Born December 21, 1935, in Cleveland, Ohio; son of Phillip (a furniture salesman) and Catherine (a shoe clerk; maiden name, McClory) Donahue; married Margaret Mary Cooney, February 1, 1958 (divorced, 1975); married Marlo Thomas (an actress), May 21, 1980; children: (first marriage) Michael, Kevin, Daniel, Jim, Mary Rose.
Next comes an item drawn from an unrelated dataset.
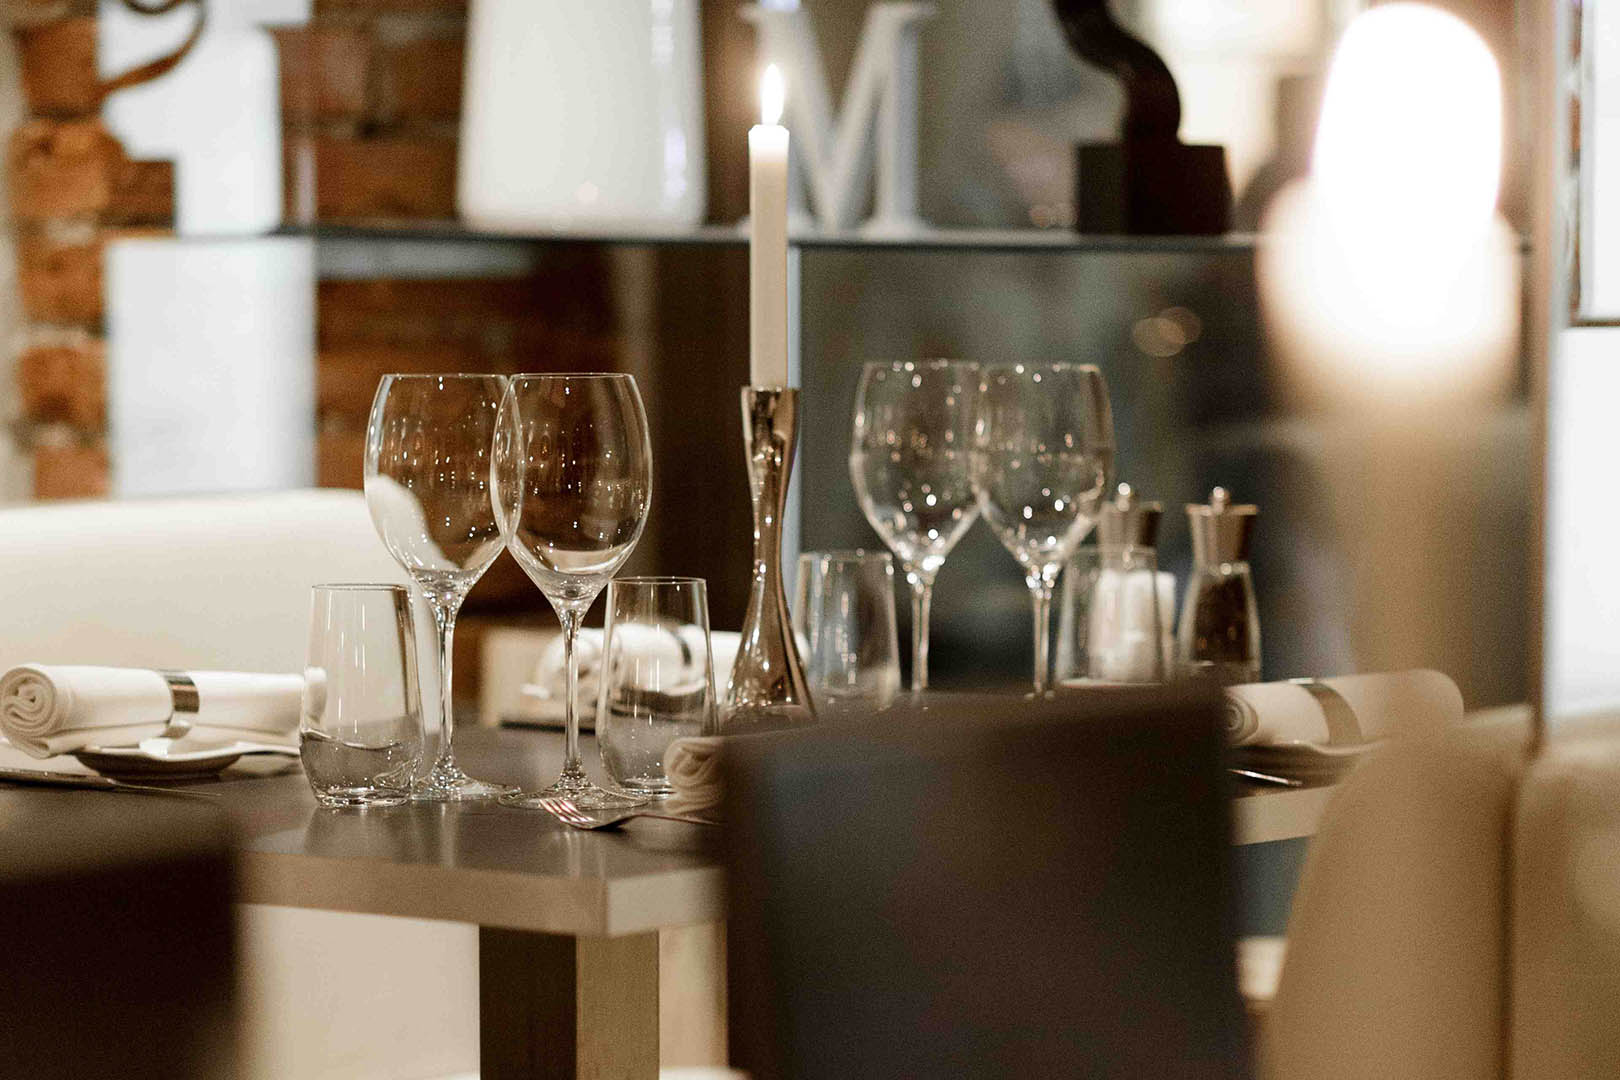 Restaurant Mancini, La Gastronomia Italiana - Scan Magazine, August 2019

Education: University of Notre Dame, B.B.A., 1957. Memberships: National Organization for Women (NOW).

AWARDS

Emmy Award for outstanding host of a television talk, service, or variety series from Academy of Television Arts and Sciences, 1977, 1978, and 1979.

CAREER

KYW-Radio and KYW-TV, Cleveland, Ohio, announcer, 1957, television announcer, 1958; Albuquerque National Bank, Albuquerque, N.M., check sorter, 1957; WAJB-Radio, Adrian, Mich., program/news director, 1958-59; WHIO-Radio and WHIO-TV, Dayton, Ohio, radio newscaster and television news reporter, 1959-67, radio talk show host, 1963-67; E.F. MacDonald Co. (trading stamps and savings incentive planners), Dayton, salesman, 1967; WLWD-TV, Dayton, host of talk show "The Phil Donahue Show," 1967-74; WGN-TV, Chicago, Ill., host of talk show "Donahue," 1974-81; WBBM-TV, Chicago, host of talk show "Donahue," 1981--; co-host of "The Last Word," a news/feature phone-in network television show, American Broadcasting Companies (ABC), 1982--. Contributor of special segment to "Today" television show, 1979--.

WRITINGS

* (With others) Donahue: My Own Story, Simon & Schuster, 1980.
* (Author of introduction) The Talk Show Book: An Engaging Primer on How to Talk Your Way to Success, Facts-on-File, 1982.
* (Author of introduction) Is Your Child Right for TV Commercials?: A Complete Parent's Guide to the World of Television Advertising, W. Morrow, 1983.
* (Author of foreword) The Working Woman's Cookbook and Entertainment Guide, Bobbs-Merrill, 1983.
* The Human Animal, Simon and Schuster, 1985.
* (Author of Foreword) Reading, Writing, and the Hickory Stick: The Appalling Story of Physical and Psychological Abuse in American Schools, Lexington Books, 1990.
* (Author of foreword) Weeding Out the Tears: A Mother's Story of Love, Loss, and Renewal, Avon, 1997.